Information about CryptoWall 2.0
In October 2014 the malware developers released CryptoWall 2.0, which resolved some problems in the original version. These changes include developer run Web-to-TOR gateways, unique bitcoin addresses for each victim, and secure deletion of original unencrypted files. These changes are described below:
Unique bitcoin payment addresses - The original CryptoWall utilized the same bitcoin payment address for many of its victims. This allowed people to steal the payment transactions from other victim's payments and use them towards their own ransom payment. By utilizing unique payment addresses for each victim it is no longer possible to steal other people's ransom payments.
Developer run Web-to-TOR gateways - In the past, the CryptoWall developers were utilizing other organization's Web-to-TOR gateways so that victims could access their payment servers that are located on TOR. When these organizations discovered that CryptoWall was utilizing them, they blacklisted the CryptoWall payment servers so that could not be reached. To resolve this, the CryptoWall developers appear to have created their own gateways to TOR. These gateways are currently operating under the following domains: tor4pay.com, pay2tor.com, tor2pay.com, and pay4tor.com.

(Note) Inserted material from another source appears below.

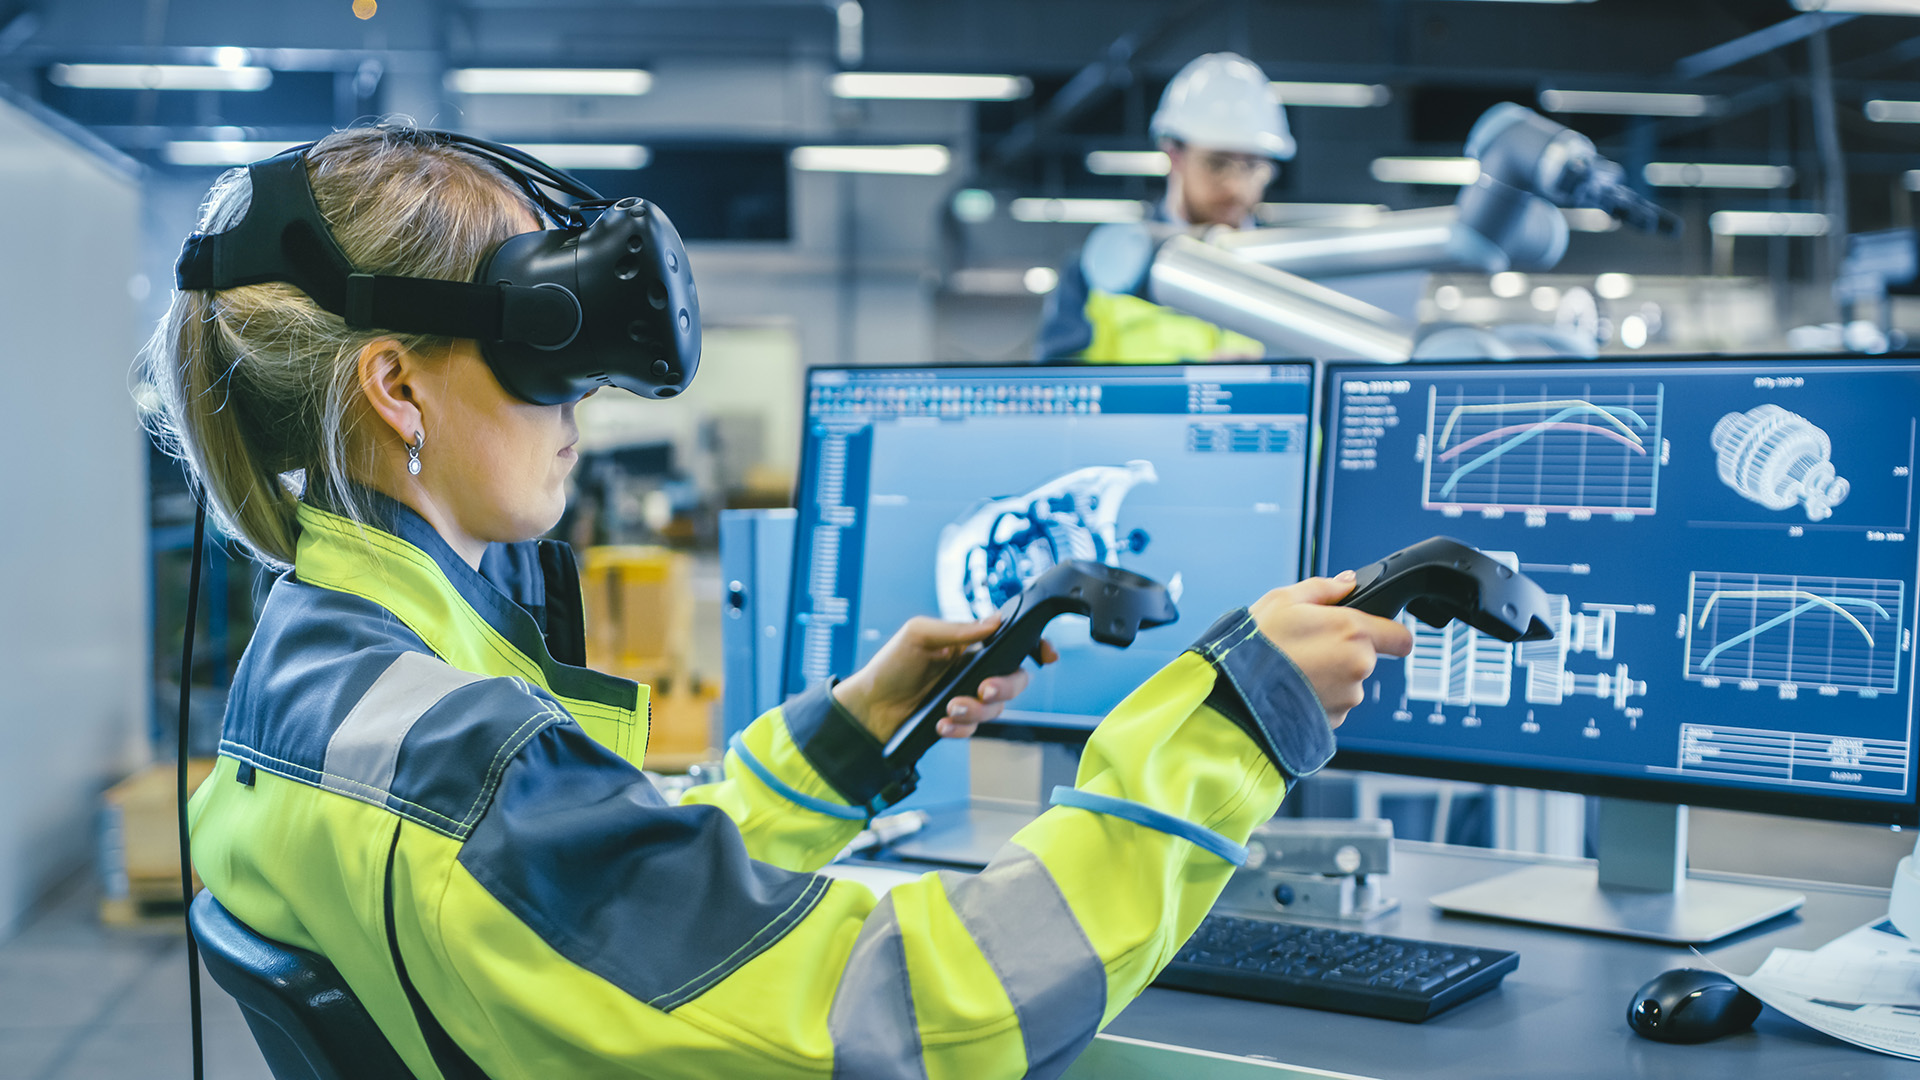 female factory worker wearing a vr headset and holding controllers for an industrial training application in an enterprise setting

Secure deletion of original data files - When the CryptoWall originally encrypted a file it would simply delete the original version. This made it sometimes possible to use data recovery tools to restore the original unencrypted files. CryptoWall 2.0 now utilizes a secure deletion method that makes it no longer possible to recover your files via data recovery tools.
Information about CryptoWall 3.0
After a lull in CryptoWall infections at the end of 2014, in January 2015 the malware developers released a new version called CryptoWall 3.0. There were only a few minor changes in CryptoWall 3.0 such as an increase in the initial ransom deadline, new filenames, and new TOR gateways. Other than that, this infection is the same as its predecessor CryptoWall 2.0. Detailed information about the changes in CryptoWall 3.0 are discussed below:
New Ransom Note files - In CryptoWall 3.0 the developers introduced new file names for their ransom notes. These files are located in every folder that a file was encrypted as well in the users Startup folder so that they are automatically displayed when a user logs in. The new file names are HELP_DECRYPT.HTML, HELP_DECRYPT.PNG, HELP_DECRYPT.TXT, and HELP_DECRYPT.URL.
Developer run Web-to-TOR gateways - The new TOR gateways currently used by CryptoWall 3.0 are torforall.com, torman2.com, torwoman.com, and torroadsters.com
Ransom Deadline increased - It appears that the deadline for inti al payment price has increased to 7 days. If you miss the 7 day deadline, the ransom amount will increase.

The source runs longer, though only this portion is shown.